I'm trying not to think about it, though not as much as some of you guys. List of stuff includes:

New Karcher K4
Snow foam lance
Upgraded longer hose from Direct hoses
DAS-6
Hexlogic pads and backing plate
Chemical guys polish x 2
Chemical guys wax
Wheel woollies
Various wash mitts
New buckets
Various micro fibres
Various drying towels
Lots of Demon shine in the Asda offer
A few different snow foams, AB Bilt Hamber
Various shampoos
Detailing bag
Shelving rack for garage
Other sundries
A few waxy boxes

Hmm starts to add up


----------



## Kimo (Jun 7, 2013)

Used to do a bit of valeting for family and friends when I was 15ish, I'm now 21 and been into 'proper' detailing for just over a year. Spent well over £1k in 2013 but I can't bring myself to total it up :lol:


----------



## tigercub (Jan 1, 2014)

Kimo73 said:


> Used to do a bit of valeting for family and friends when I was 15ish, I'm now 21 and been into 'proper' detailing for just over a year. Spent well over £1k in 2013 but I can't bring myself to total it up :lol:


hahah cool


----------



## martyp (Oct 24, 2006)

I'd say under £200 easy, I'd probably guess ~£150. Most expensive purchase was an angelwax order at £55 and wheel woollies at £45. I have a lot of products to use up so only bought the essentials from Halfords and always AutoGlym.

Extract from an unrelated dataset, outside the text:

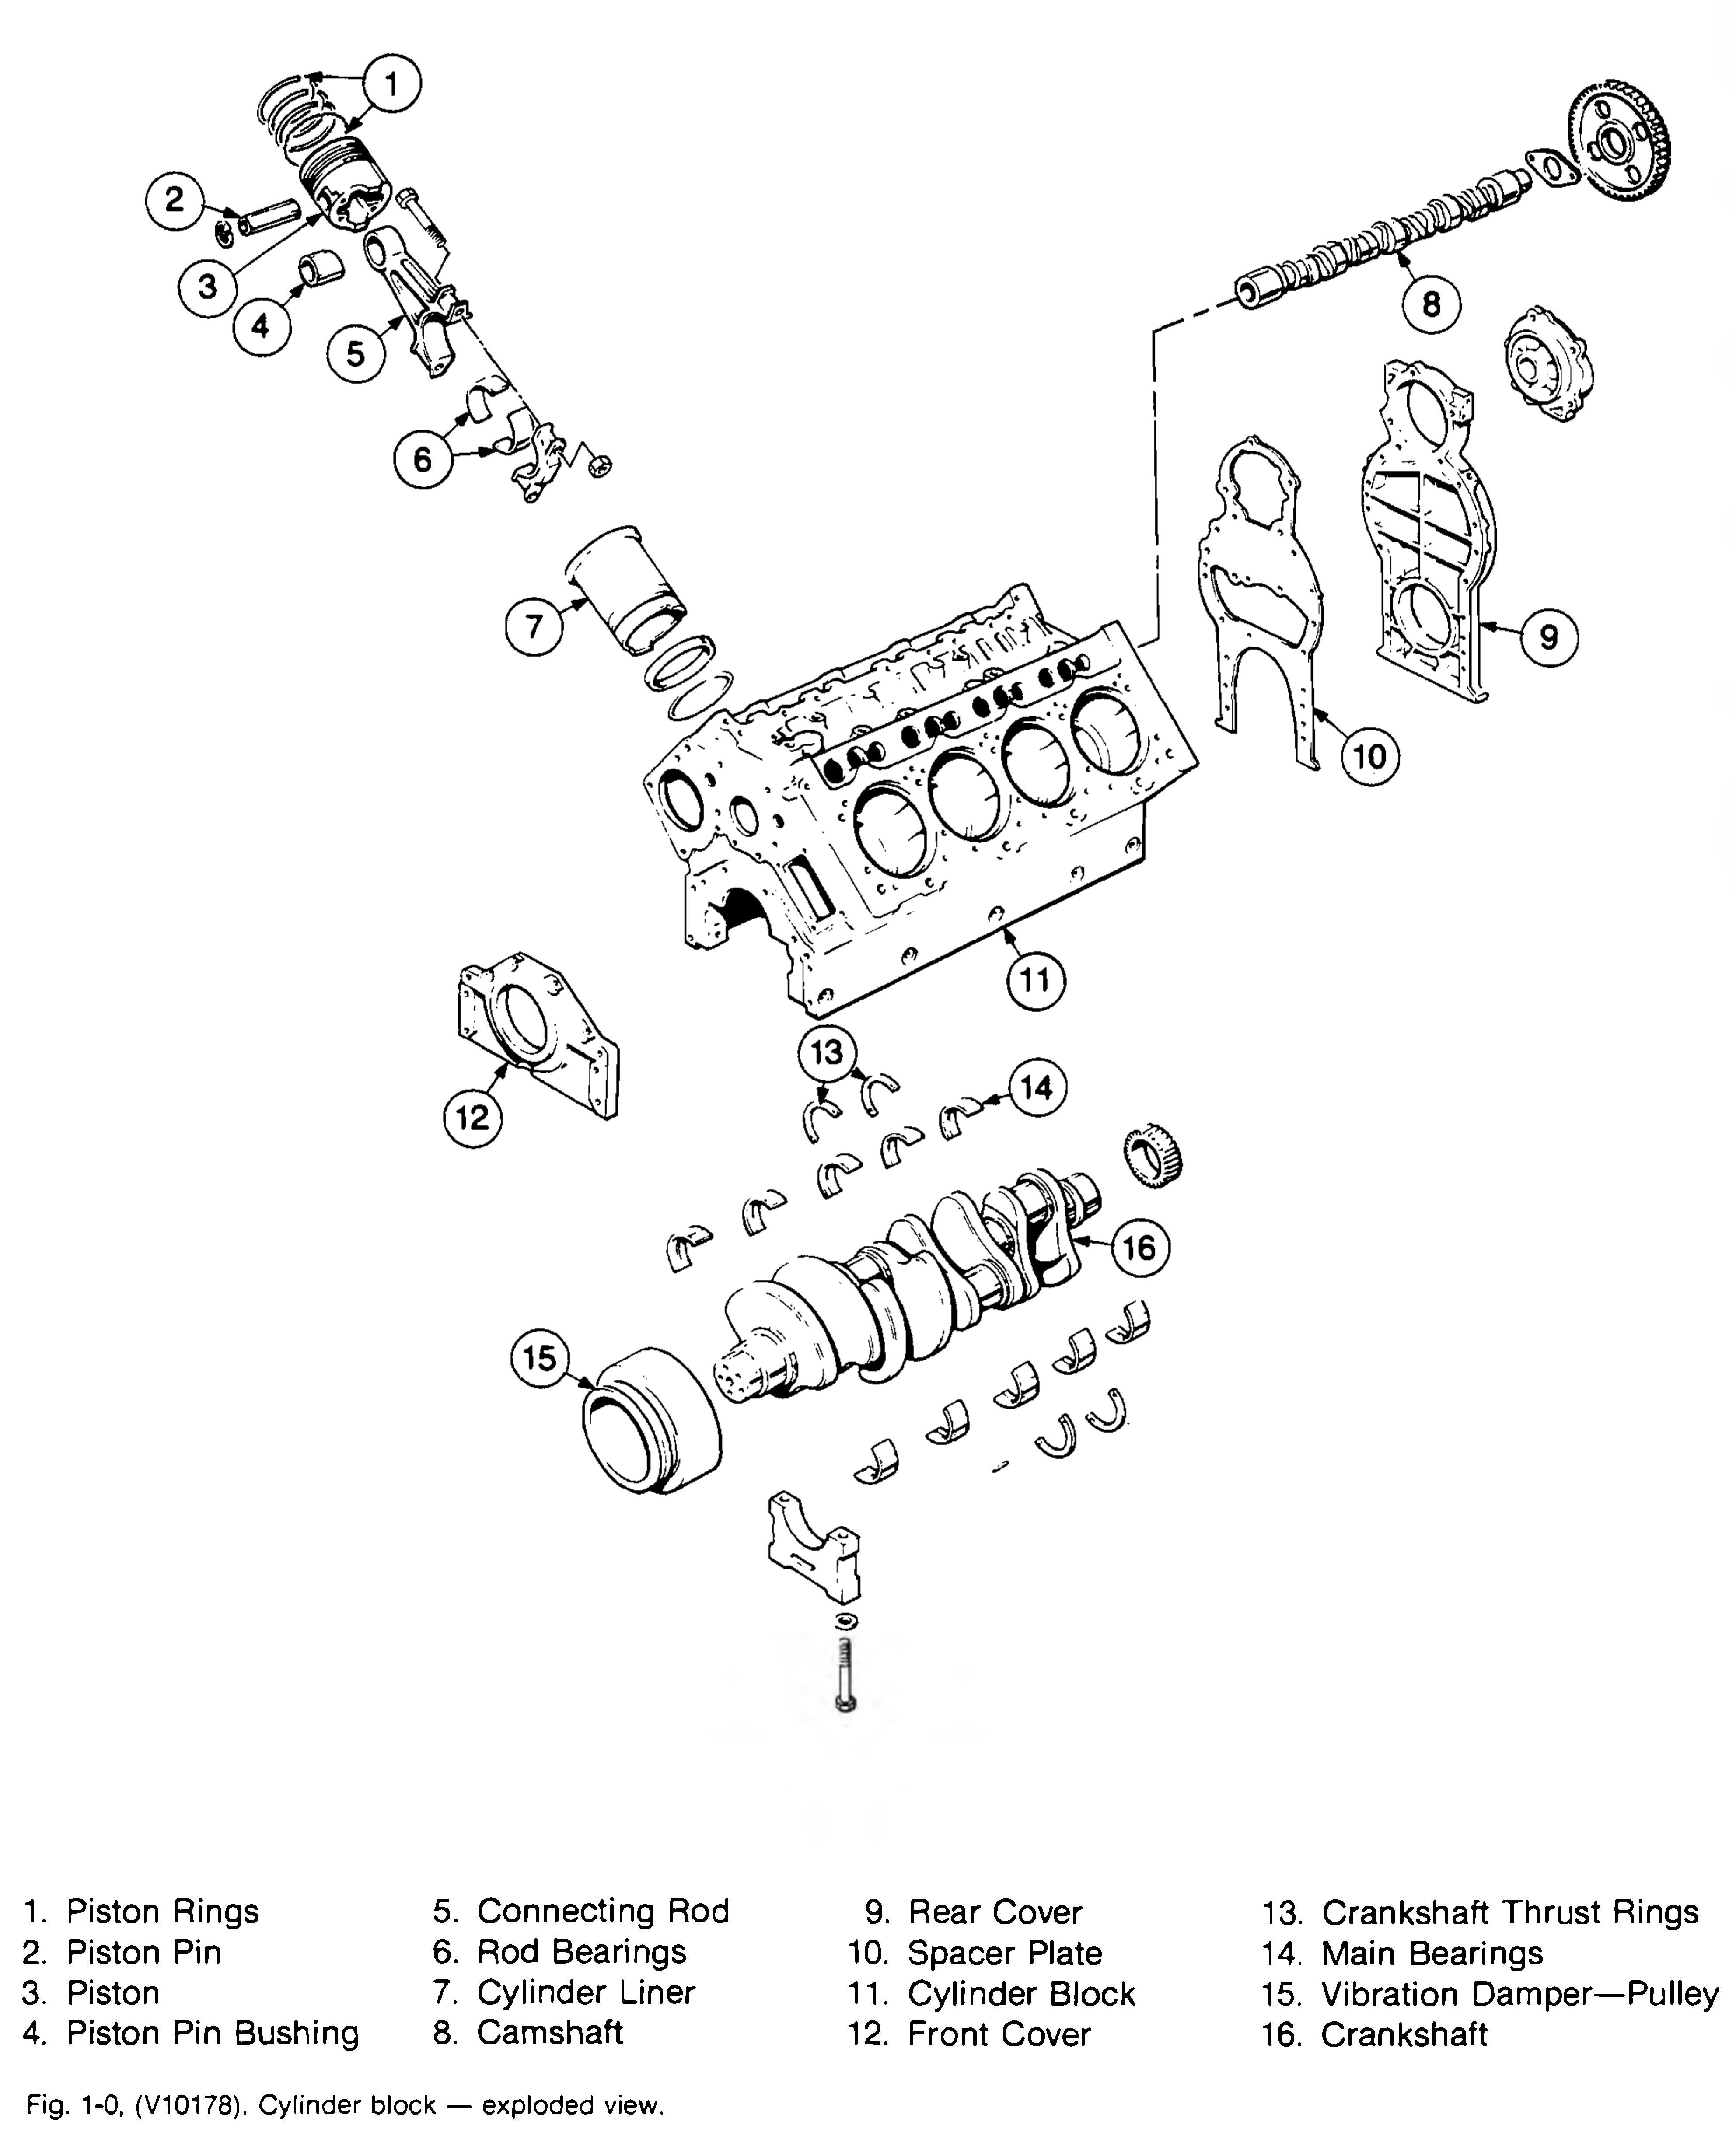 Engine Piston Diagram Explded View Of the V Type Cummins Engine Of Engine Piston Diagram

If I had a car I really cared about again I'd be with you guys in the £xxxx's, I'm just not that fussed with the CLK and am concentrating on saving for my new baby in Summer now.


----------



## Kimo (Jun 7, 2013)

tigercub said:


> hahah cool


That's just on my car and a couple of friends and family :|

Wow this is worrying


----------



## tigercub (Jan 1, 2014)

I have a shiny car tho


----------



## Soul boy 68 (Sep 8, 2013)

Over a grand I say but it does include a polishing machine and an air force blaster. All worth every penny as the car looks so sweet when all detailed.:buffer:


----------



## Samba1360 (Jun 3, 2012)

Funny thing is the wife asked this very question just after Christmas, I worked it all out and evidently it's £8.56p


----------



## tigercub (Jan 1, 2014)

Samba1360 said:


> Funny thing is the wife asked this very question just after Christmas, I worked it all out and evidently it's £8.56p


Haha great. That's the same amount I got it to when the wife asked lol.


----------



## uruk hai (Apr 5, 2009)

After I'd been Carp fishing for about 10 years I realised that actually knowing what my hobby owed me was very counter productive so when I got into car cleaning I never ever kept a receipt or even a loose running total.


----------



## ITSonlyREECE (Jun 10, 2012)

I hate to think how much I've spent in recent years. I know it's definitely over £1k, maybe just shy of £2k... But that's counting EVERYTHING


----------



## tigercub (Jan 1, 2014)

uruk hai said:


> After I'd been Carp fishing for about 10 years I realised that actually knowing what my hobby owed me was very counter productive so when I got into car cleaning I never ever kept a receipt or even a loose running total.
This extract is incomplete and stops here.